At the beginning of the War of the Pacific, Uribe was the second commander of the Esmeralda, and their first mission was to blockade the Peruvian port of Iquique. On May 21, 1879, their ship faced the Huascar during the Naval Battle of Iquique. His commander and friend Arturo Prat, together with most of the crew died that day, but Uribe continued fighting until the "Esmeralda" went under. He was captured while floating on the bay after the sinking together with only 62 survivors out of a complement of 197.

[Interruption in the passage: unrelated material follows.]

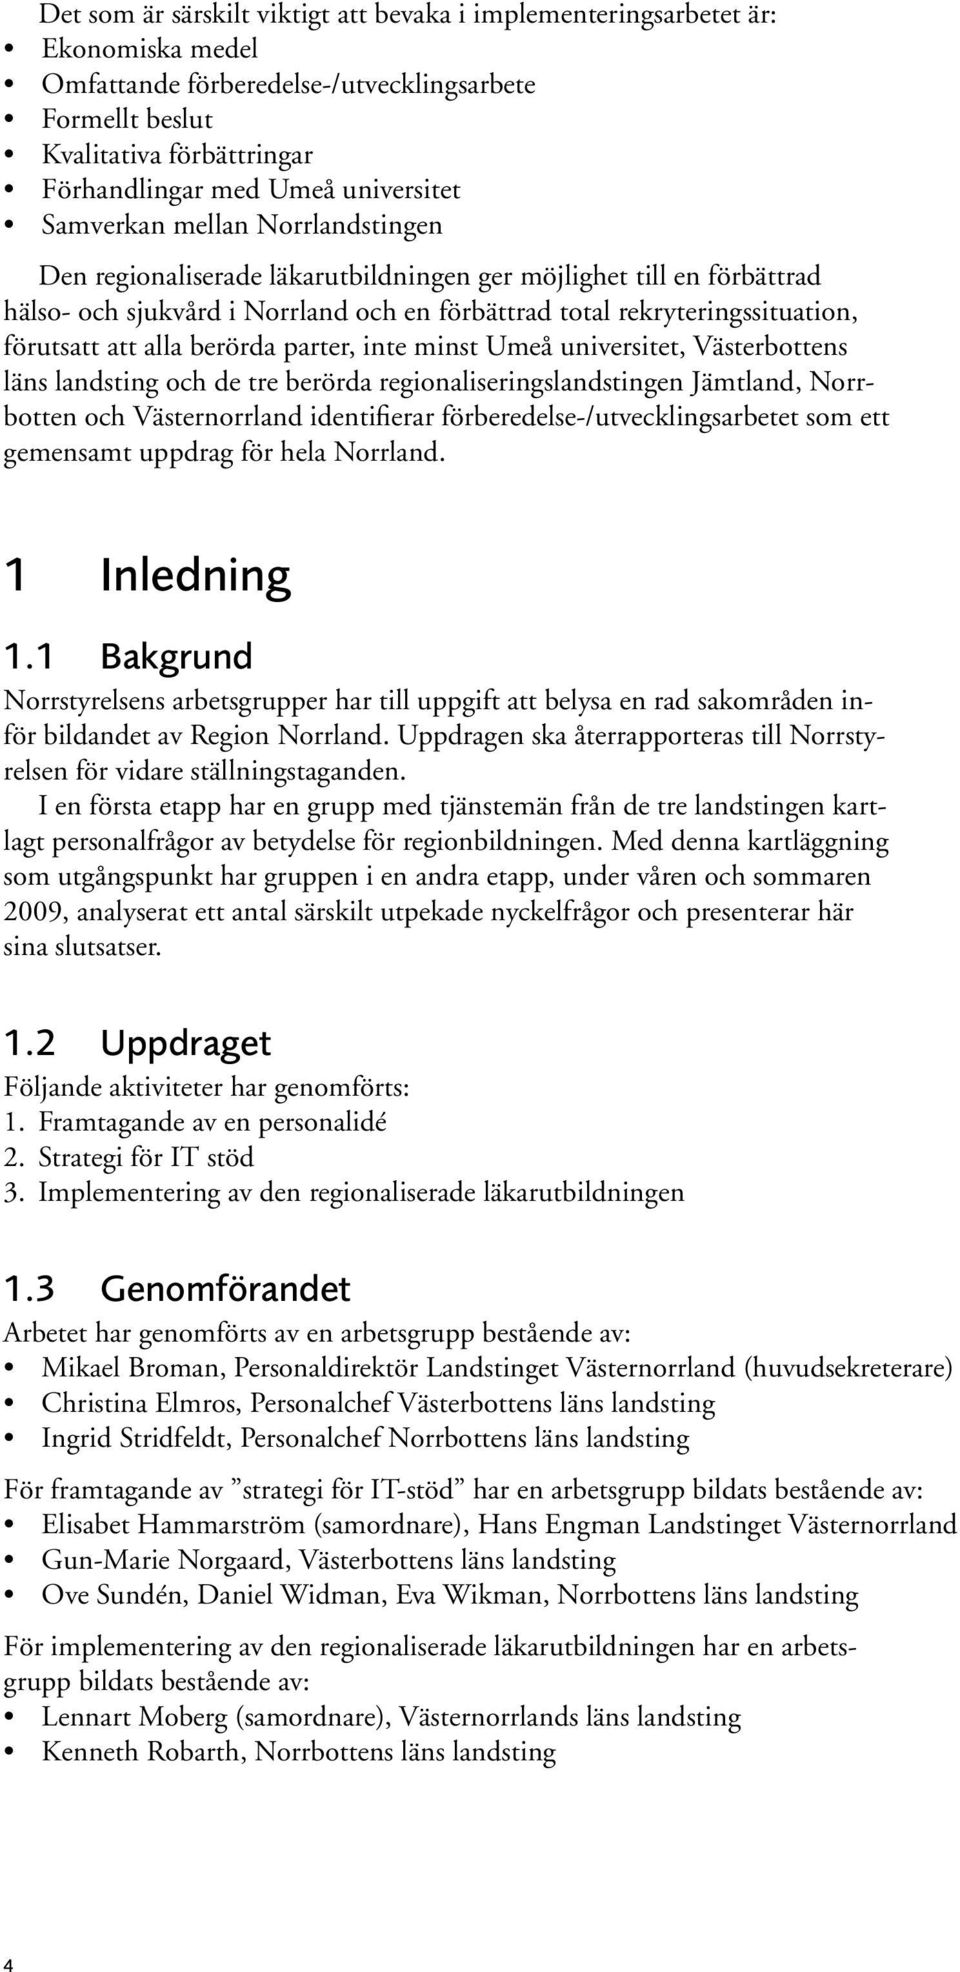 förutsatt att alla berörda parter, inte minst Umeå universitet, Västerbottens läns landsting och de tre berörda regionaliseringslandstingen Jämtland, Norrbotten och Västernorrland identifierar

As a prisoner, he was interned in the city of Tarma, Peru. While a prisoner, Chile promoted him (for supreme heroism) to Lieutenant Commander on June 16, 1879. He and his sailors remained prisoners until November of that year, when they were exchanged for captured Peruvian sailors. Uribe returned to Valparaíso, where he was given the command of the recently captured gunboat "Pilcomayo". During the rest of the war he participated actively in all naval actions and was promoted to Commander in 1884.

After the end of the war, he became Governor of Valparaíso. He promoted the creation of the Revista de Marina (Naval Magazine), and was named Navy General Commander from 1887 to 1889. After the 1891 Chilean Civil War, he was named director of the Naval Academy in 1892, position he retained until 1895. He retired from the navy on August 23, 1899.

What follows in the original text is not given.